Chapter 8: The Phytopathogenic Burkholderia
Carlos F. Gonzalez, Vittorio Venturi and Amanda S. Engledow
Abstract
Members of the genus Burkholderia are versatile organisms that occupy a surprisingly wide range of ecological niches. The phytopathogenic species of the genus Burkholderia are the etiological agents of disease for a variety of plants, and cause such symptoms as wilt, rot, blight, or canker. They were originally described and placed in the genus Pseudomonas; however, using a polyphasic taxonomic approach P. andropogonis, P. caryophylli, P. cepacia, P. gladioli, P. glumae, and P. plantarii have all been transferred to the genus Burkholderia. The phytopathogenic Burkholderia have evolved a spectrum of extracellular factors which permit them to cause disease in a variety of hosts. The pathogens B. cepacia and B. gladioli produce extracellular factors that allow them to obtain nutrition by affecting cell membranes and the structural integrity of plant tissue. B. andropogonis, B. glumae and B. plantarii produce non-host specific toxins that allow the pathogen to access nutrients for growth and further proliferation. B. caryophylli a vascular wilting pathogen infects via wounding, and the vascular dysfunction induced by this extensive colonization causes wilting symptoms and eventual plant death. Genomic analysis of the phytopathogenic Burkholderia will provide insights on mechanisms involved in adaptation and pathogenesis.
Chapter 9: Biodegradation of Organic Anthropogenic Pollutants by Burkholderia Species
Vincent J. Denef
Abstract
In this chapter, the capacities of Burkholderia species to degrade organic anthropogenic pollutants are reviewed. Both from isolation studies as well as from diversity typing studies, the relevance of this genus in the degradation of an array of aromatic pollutants, including several priority pollutants, has been shown. We also present an overview of the research aimed at improving the potential of isolated strains to be utilized in bioremediation efforts. This includes (1) the increase of the knowledge base, by use of biochemical, genetic and functional genomic means; (2) the bio-engineering of the wild type strains; (3) the use of multi-species approaches; and (4) the manipulation of environmental parameters. Considering the presence of multiple species with malign properties in this genus, we shortly reflect on the relationship of strains with biodegradative potential with known pathogenic strains.

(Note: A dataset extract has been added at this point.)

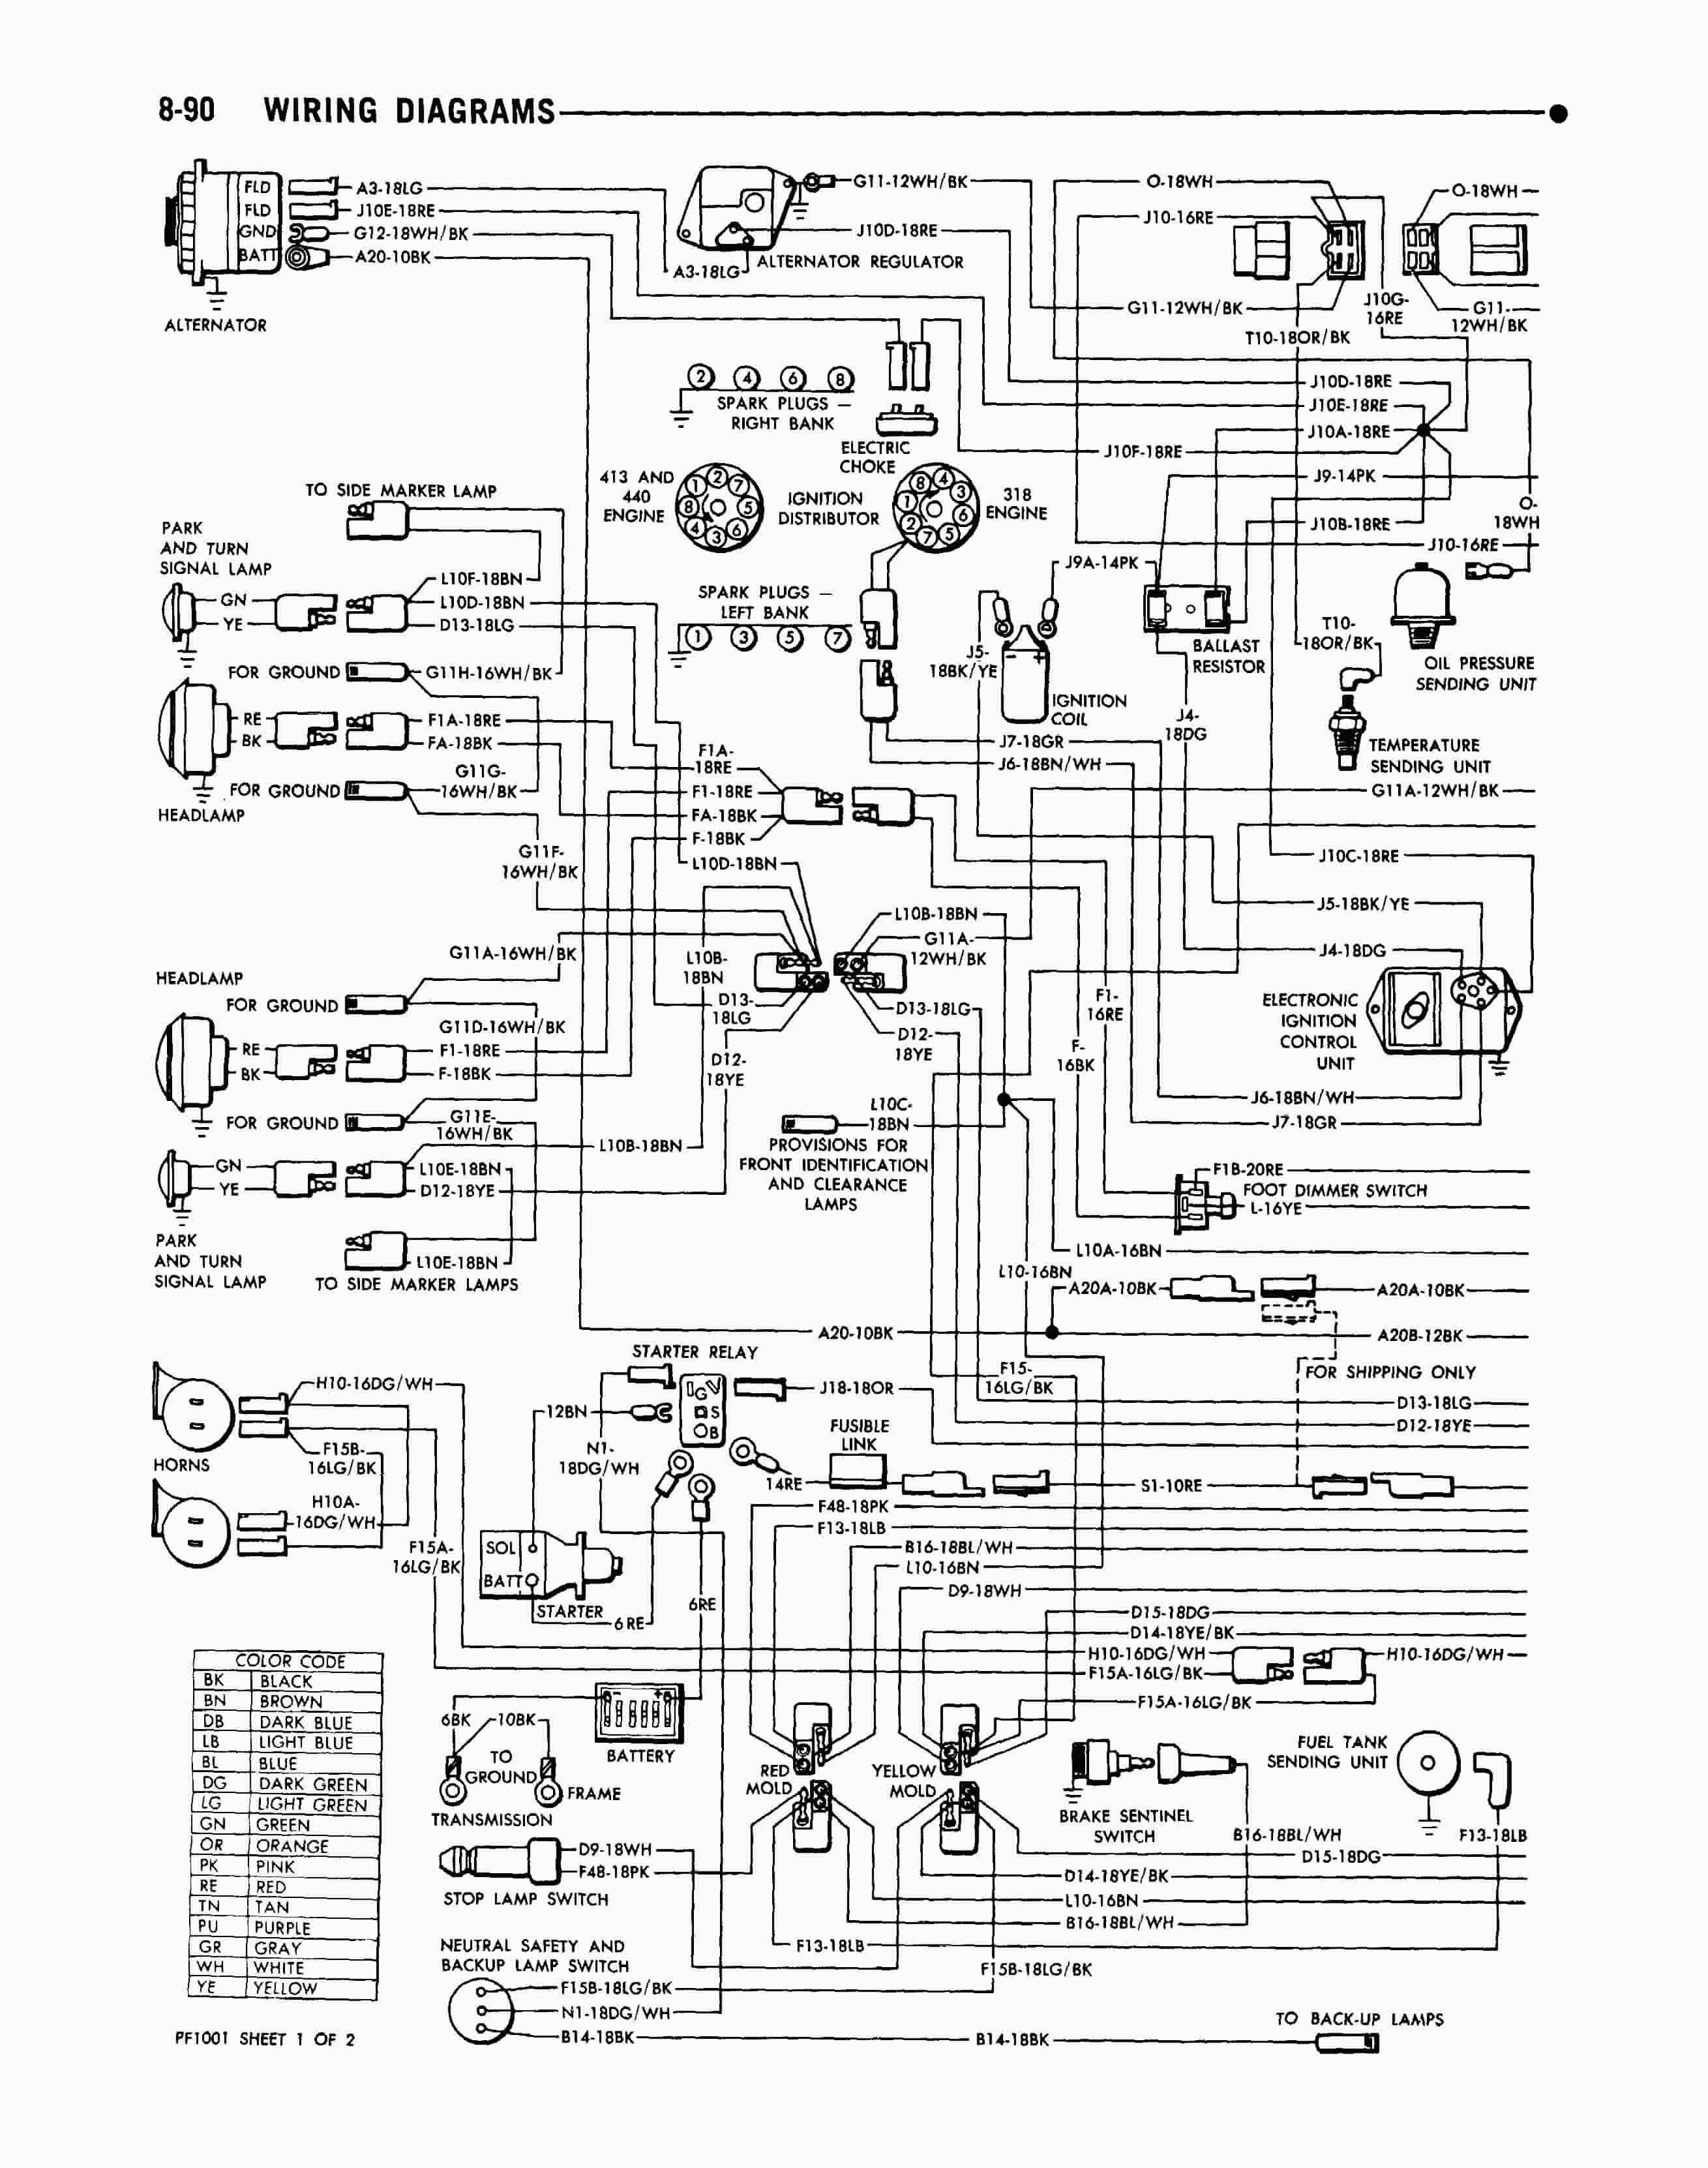 1994 s10 wiper motor wiring diagram 0e82a51 5th wheel camper wiring diagram wiring resources  0e82a51 5th wheel camper wiring diagram
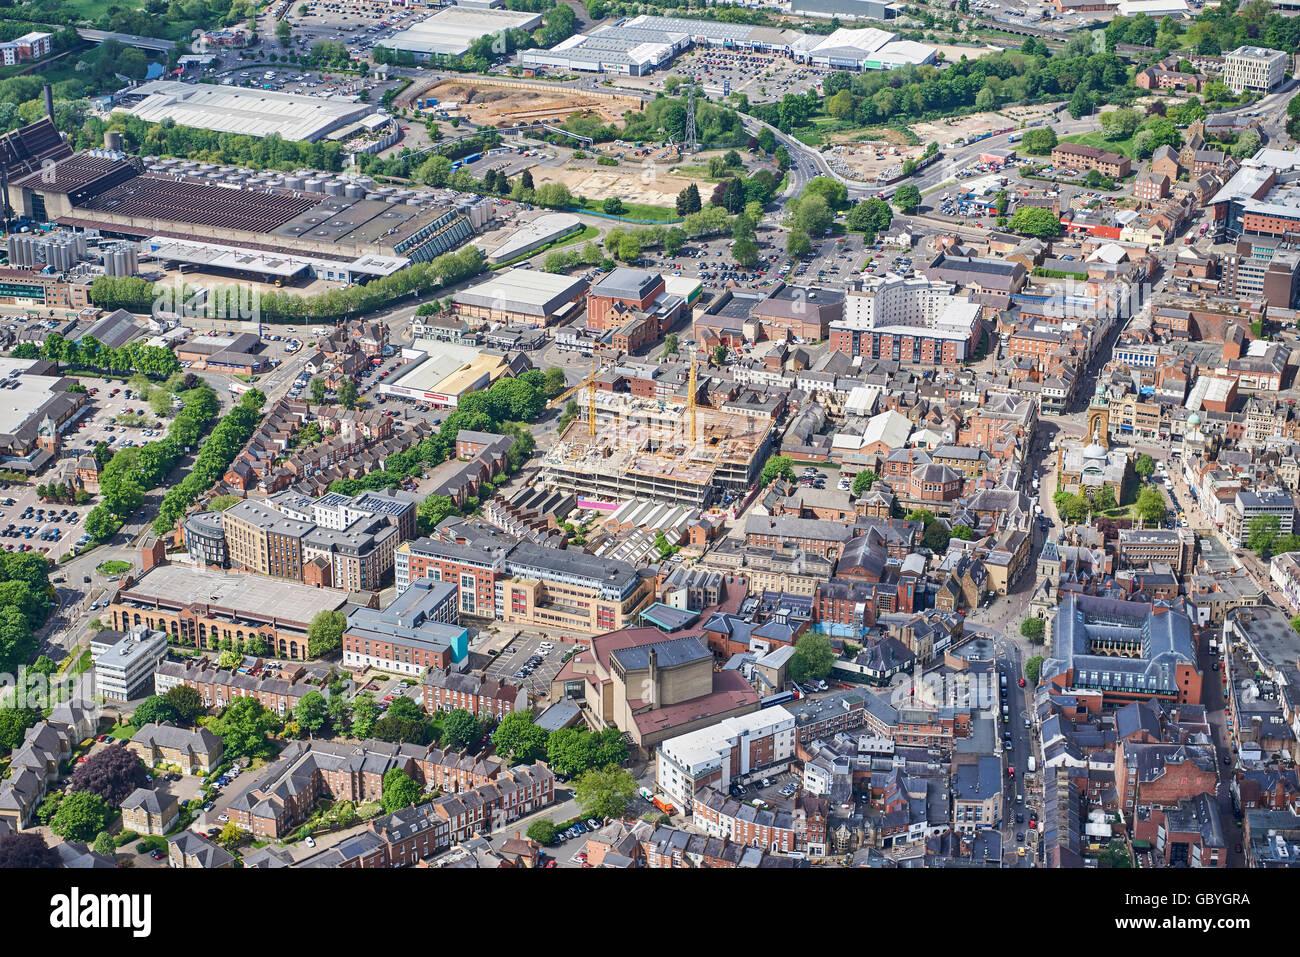 Northampton Town centre, Northamptonshire, UK - Stock Image

Chapter 10: Molecular Mechanisms of Virulence of Burkholderia pseudomallei and Burkholderia mallei
Donald E. Woods
Abstract
Burkholderia pseudomallei and Burkholderia mallei are the causative agents of meliodosis and glanders, respectively. Melioidosis is recognized as an important health problem in Southeast Asia and Northern Australia, and it poses a concern due to increased travel and military involvement in endemic regions. Isolated cases of melioidosis have been identified in a number of other regions as well. Although glanders has been eradicated from North America and Western Europe, the disease still persists in South America, Eastern Europe, Africa and Asia. In addition, both B. pseudomallei and B. mallei are classified as category B biological agents, and B. mallei has been utilized as an agent of biological warfare. Due to the importance of these diseases in endemic areas and the fact that the causative agents are not well characterized on a molecular level, there has been an increased interest in the identification and characterization of virulence determinants in these organisms. This review focuses on the recent advances in the understanding of the pathogenesis of disease caused by B. pseudomallei and B. mallei and describes molecular mechanisms of virulence for these organisms.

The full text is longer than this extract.